Some parts of this video appear to show a misapprehension of the ABO system.  That system is based on an H substrate that is glycosylated by a glycosyltransferase that exists as an A or B allele.  These add different sugars to the same site on an existing sugar moiety on the surface of H.  Blood group O occurs when this glycosyltransferase is defective.  So the moment A and B glycosyltransferases exist,  AB is a certainty, the inevitable outcome of two co-dominant alleles rather than "appeared at some point throughout the years".

The video says A was ancestral and B appeared later (presumably in humans).  There was once the view that ABO arose repeatedly through convergent evolution but I don't think that is the view today.  Segurel et al, 2012 showed strong evidence that ABO was a trans-species polymorphism across primates in which one of A or B was occasionally lost (see fig 1 in Segurel).  The sequence used to encode each allele is preserved in the phylogenetic tree which is not expected with convergent evolution.  So A and B were already present ~20 million years ago.  Why the video seems so surprised there would be ABO in the ancestor to humans, Neandertal and Denisovan is puzzling.  Orangutans are fully ABO.

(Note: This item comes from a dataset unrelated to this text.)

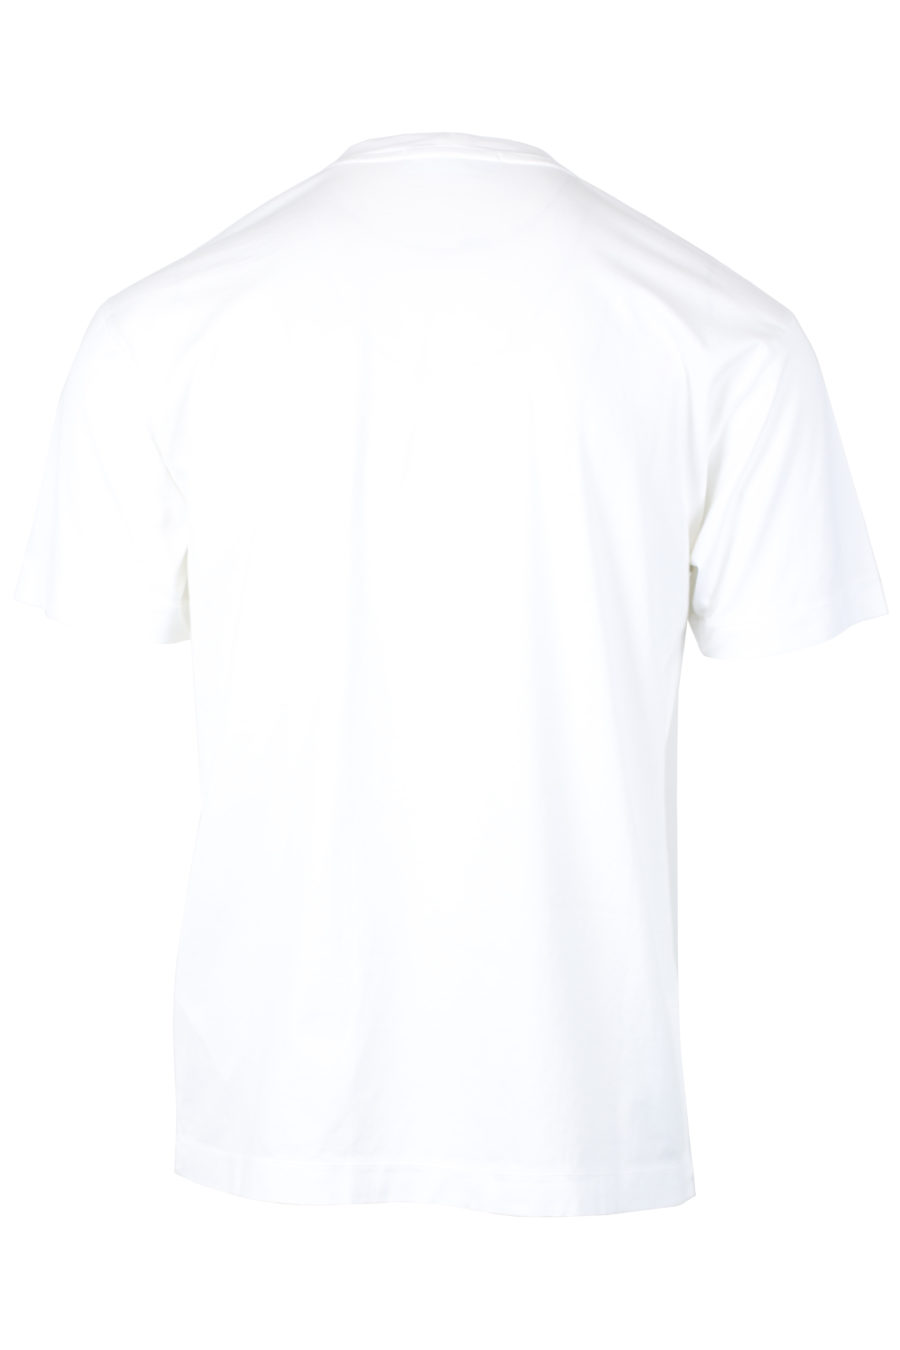 T-shirt blanc avec écusson - IMG 2493

They may have been referring to Condemi et al, 2021 which is interesting work.  I was particularly interested in the Rh genotype reported in the video.  The issue with partial Rh genes is that when homozygous, the mother may mount an immune response against a fetus with an intact Rh gene.  This happens with humans in Rhesus disease, when an  RhD- (RhD-/RhD-) mother is exposed to blood from her RhD+ child and develops antibodies against RhD.  Any subsequent RhD+ fetus is then harmed by that response.  However, in humans, the RhD- allele frequency ranges 0.14-0.3 so even with all Rhesus disease risks, it's not as if selection is so strong as to eliminate it.  Why the partial Rh locus should be have had more serious consequences for the Neandertal is not immediately apparent to me.

The PLOS Genetics paper quoted in the video is Hubisz et al, 2020.